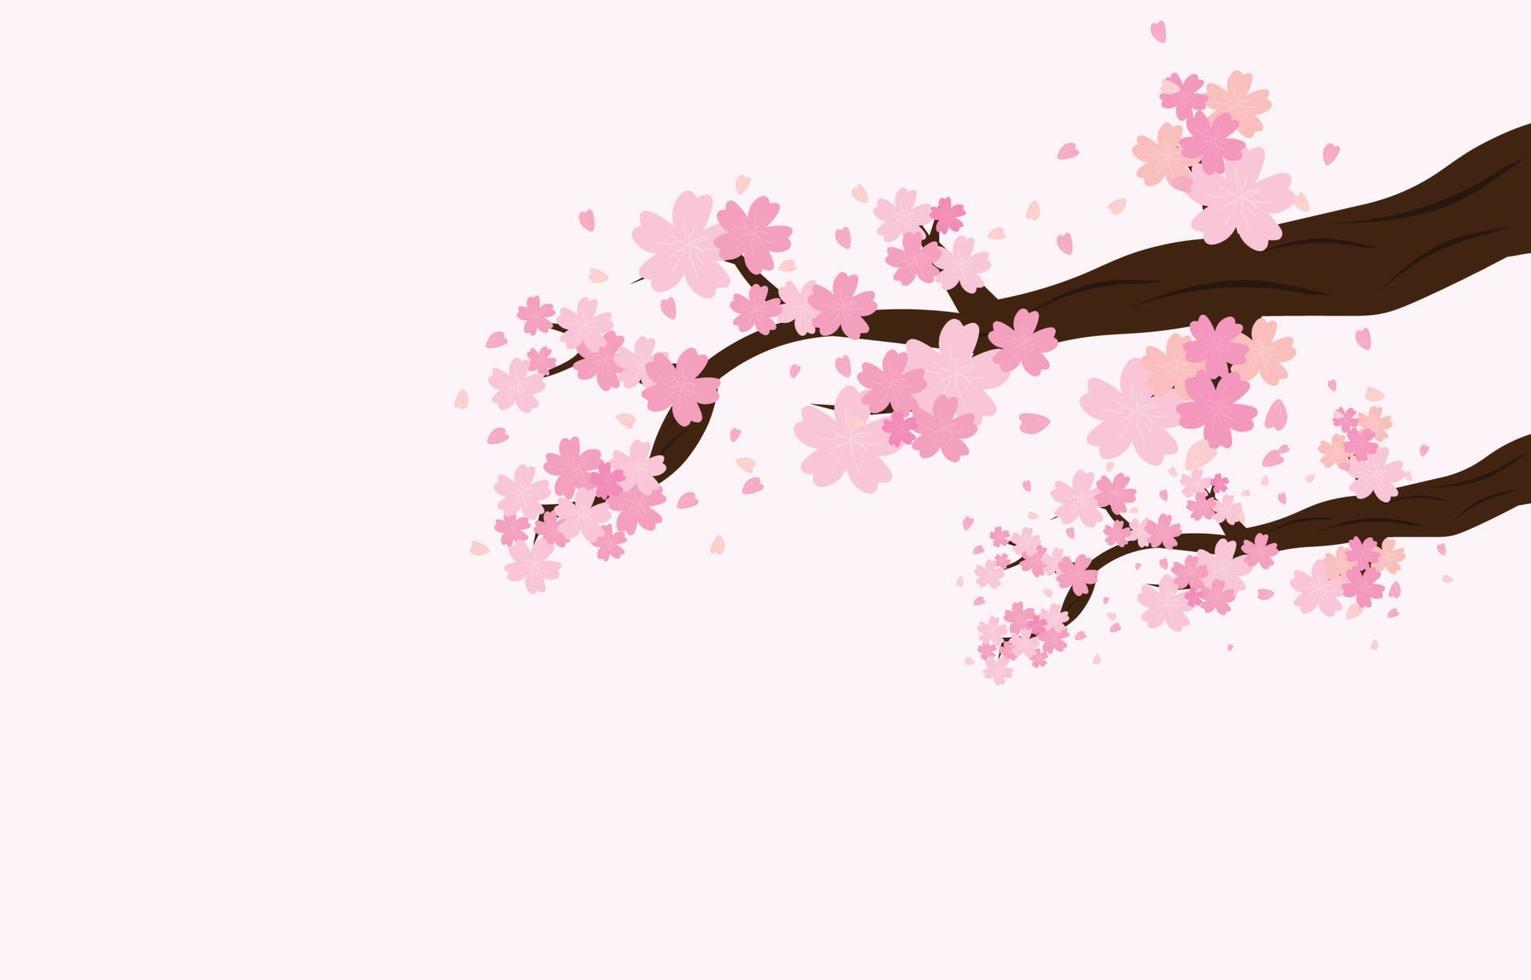 Äste der Baumrosa-Kirschblüte verziert mit hellem Hintergrund, lokalisiert mit Hintergrund, Frühlingsblumen-Illustrationsvektor vektor
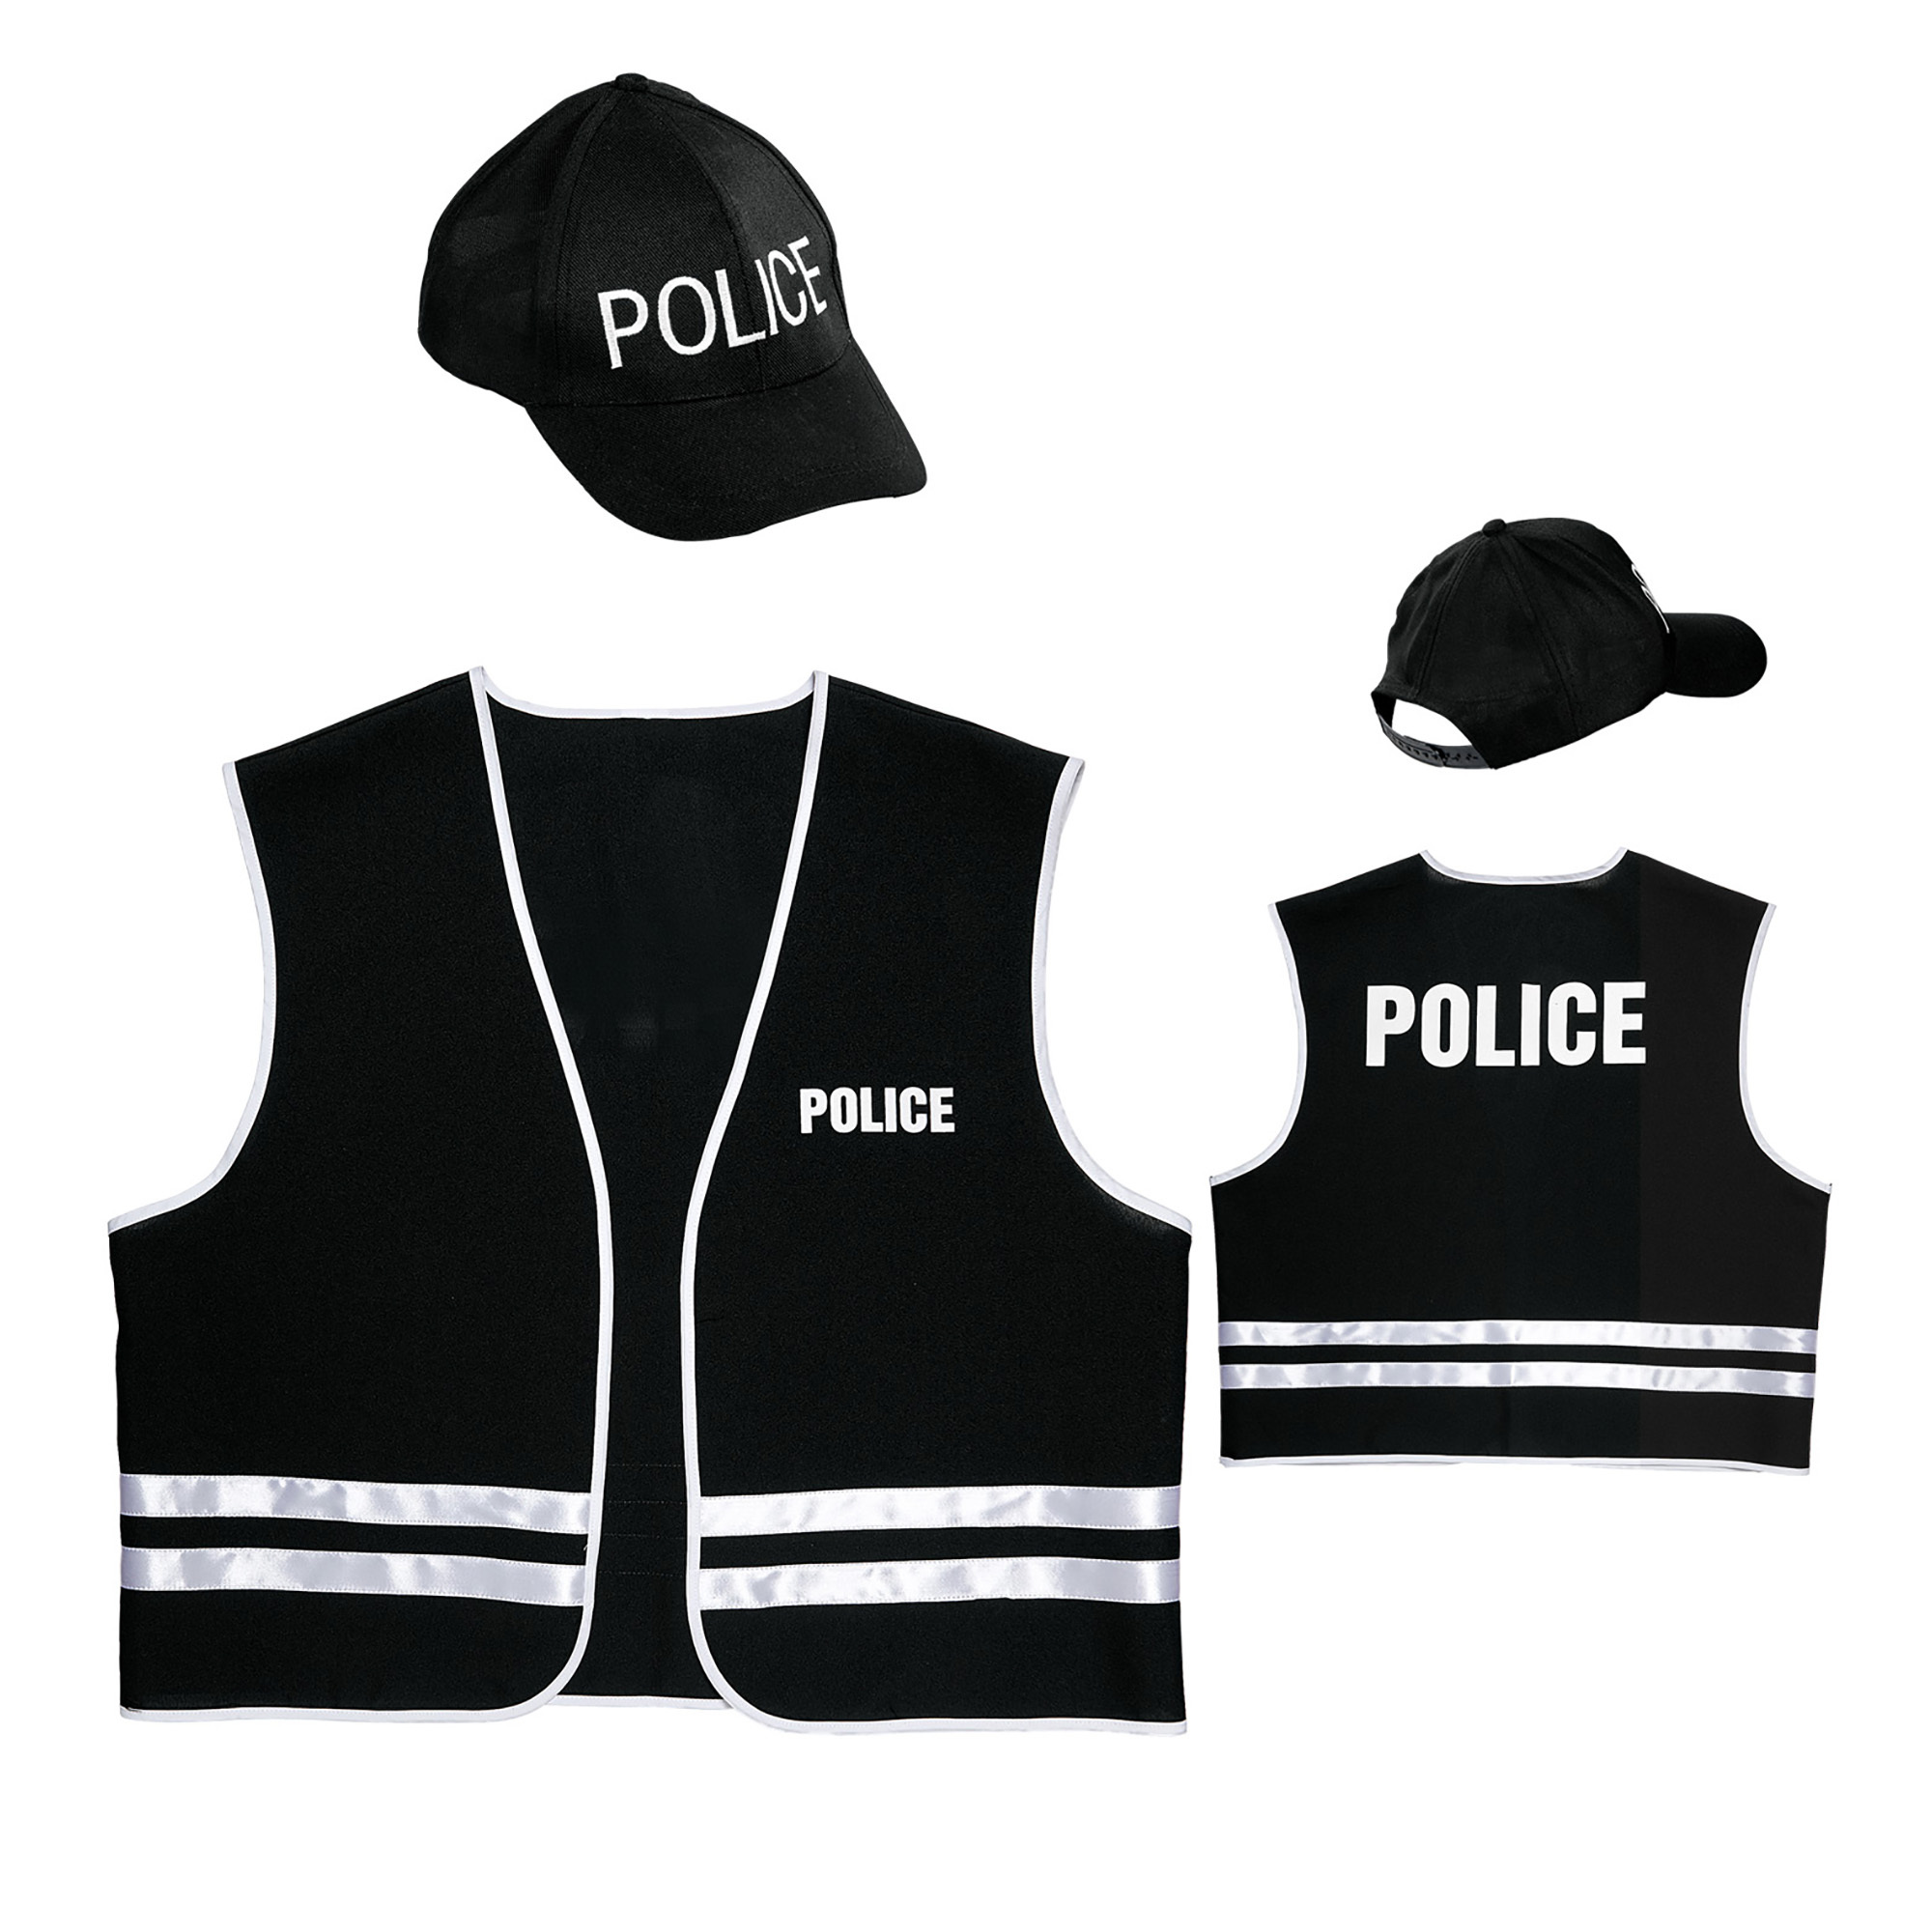 politie vest met cap volwassen police man
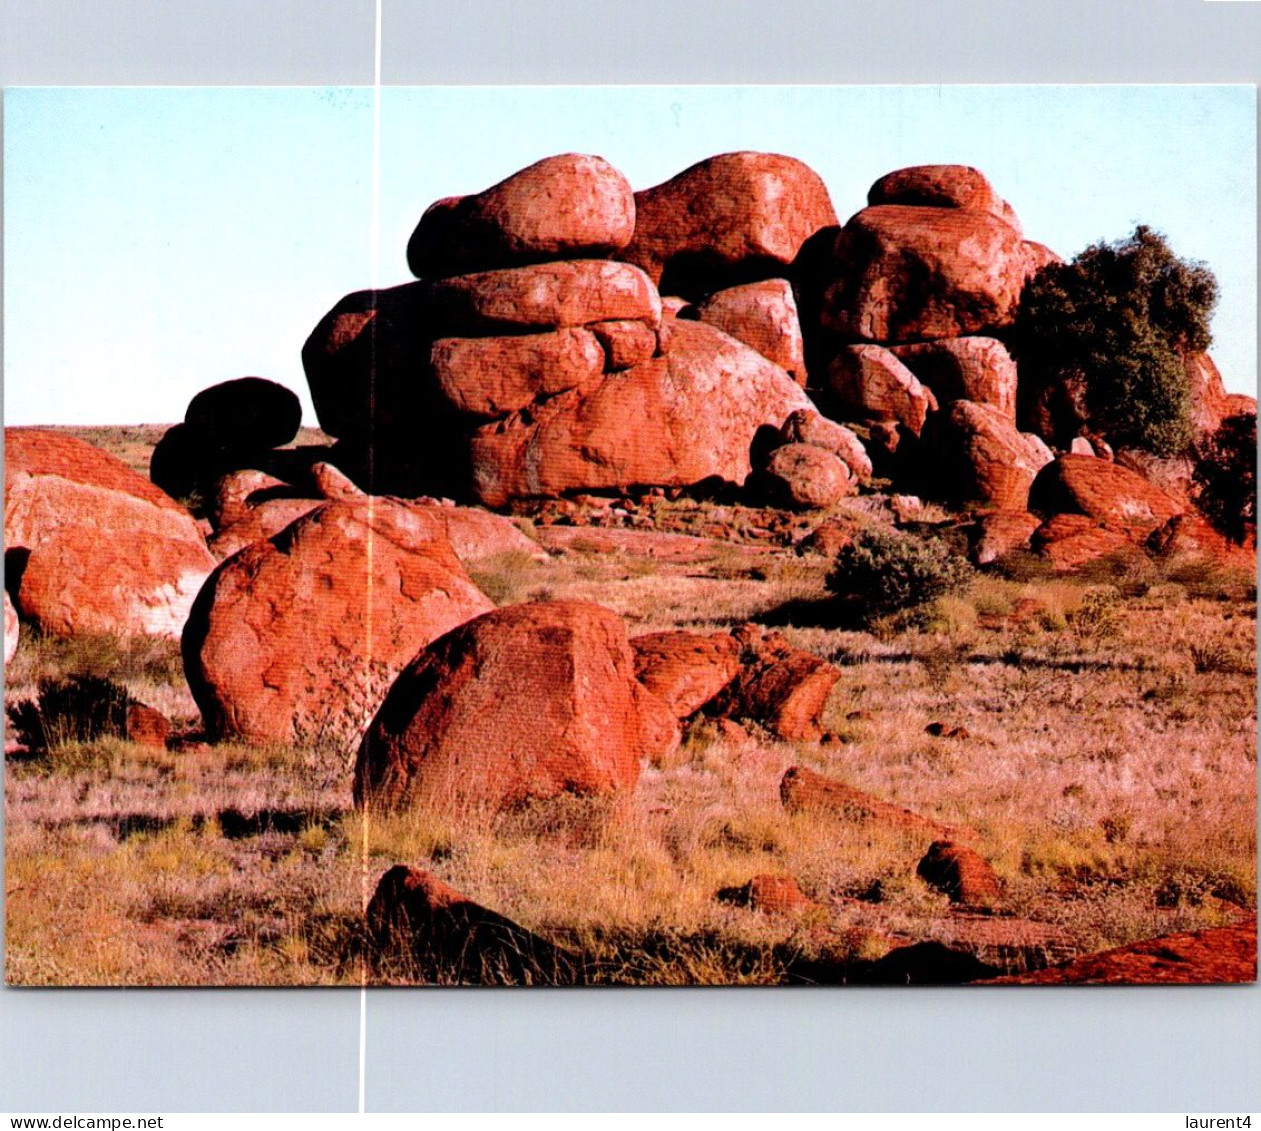 22-5-2024 (5 Z 48) Australia - NT - Devil's Marbles (2 Postcards) - Non Classés

__Assignment__. Set down the material above exactly. Skip any picture.

__Task result__.
 Äste der Baumrosa-Kirschblüte verziert mit hellem Hintergrund, lokalisiert mit Hintergrund, Frühlingsblumen-Illustrationsvektor vektor
 politie vest met cap volwassen police man
 22-5-2024 (5 Z 48) Australia - NT - Devil's Marbles (2 Postcards) - Non Classés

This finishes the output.